Shannon Hughes said it felt purposeful to her that the Baptist Campus Ministries building at Auburn University is located about a block from one of the biggest bars in the Southeastern Conference.
“We feel like God placed us here for a reason,” said Hughes, who serves as Baptist campus minister there. “We started asking, ‘What would it look like if we reached students during the hours they’re at the bars?’”
The start of that answer was to revive an outreach they’d done years ago — making pancakes for students as they leave the bars. On Feb. 16, they started around 11 p.m. and made pancakes until around 3 a.m.
“Pancakes are easy, they’re cheap, and people love pancakes that early in the morning,” Hughes said.
Working together
About 25 students from Auburn’s BCM and the BCM groups at Tuskegee University and Alabama State University worked together to invite students in and serve pancakes. While they did those things, they had conversations with other students about spiritual things for hours overnight into Feb. 17.
Since January 2023, Auburn’s BCM has been partnering with the other two schools’ BCM groups, which are led by campus minister Zach Beasley, to do evangelism training together.
“We were with them in the fall, so we invited them over to join us for this,” Hughes said.
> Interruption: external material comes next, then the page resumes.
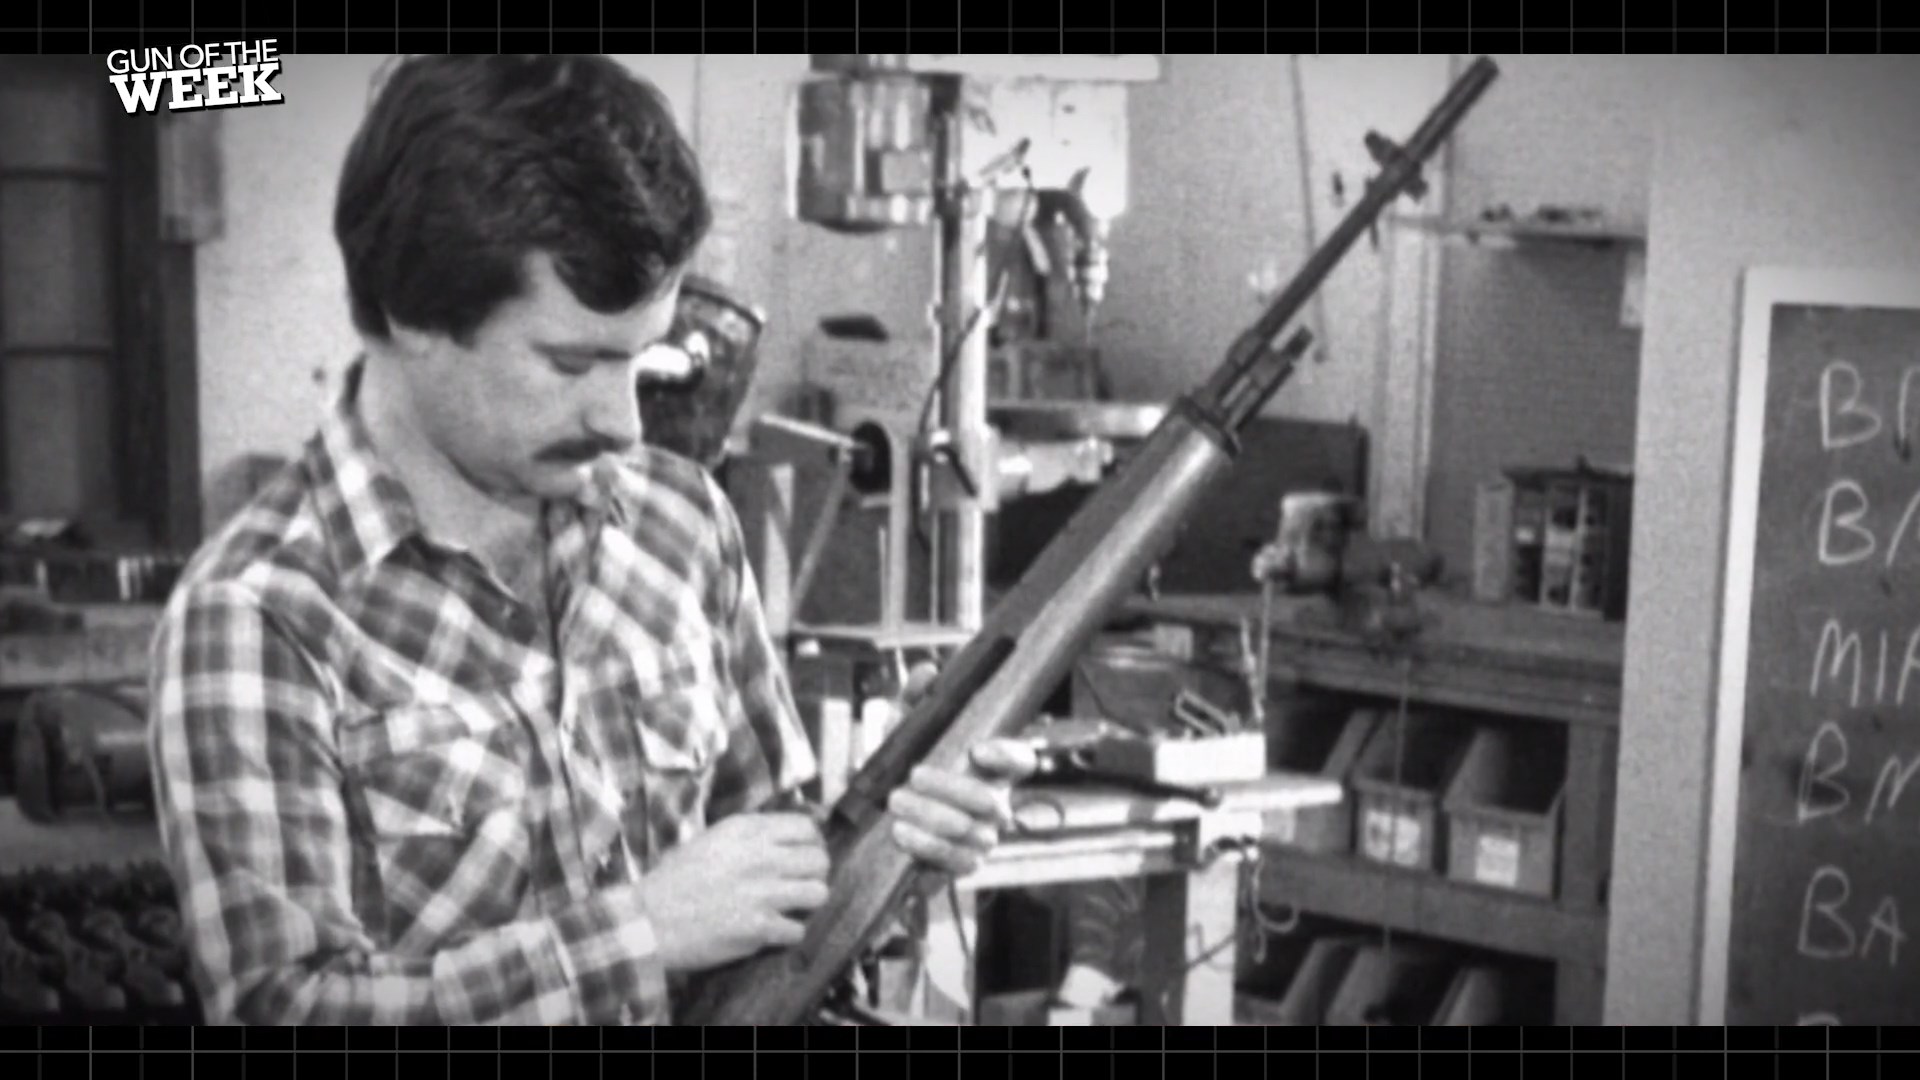 vintage black white image of man holding M1A rifle gunsmith shop indoors GUN OF THE WEEK text top left corner

Starting at 9 p.m. on Friday, the students learned about some of the conversations they might encounter during the pancake outreach and how to walk someone through the 3 Circles method of evangelism. They also learned how to shift the conversation to invite someone to follow Christ.
“Some of the students stayed back and as people came in, they would sit at the tables with them and engage them with the gospel,” Hughes said. “A lot of them stayed for 30 minutes even and had conversations.”
‘Seeing fruit’
One student professed new faith in Christ.
“We’re following up with him and others we had contacts for,” Hughes said.
The BCM students “did a great job, they were super excited and felt like they were seeing fruit and having good conversations,” she said.
Overall, 300 people were served pancakes, and students had 169 gospel conversations at the tables and on the streets.
“It was a really great event, certainly something we’re going to continue to do,” Hughes said.
She said she was excited because the weekend helped equip the students to serve at BeachReach, an evangelistic event held in Panama City Beach, Florida, during spring break the first full week of March.
“We saw really incredible things happening at BeachReach through our students, so those were two amazing events that were purposeful for helping our students hone their gospel sharing skills and see the fruit of that,” Hughes said. “We’re excited to see how the Lord uses those experiences as they share their faith day to day.”
She said she’s also excited that Clint Culpepper, Auburn’s new lead campus minister, will be bringing with him a passion to find more creative methods to reach Auburn students.
“I’m super excited about him coming on board and being a part of events like these,” Hughes said.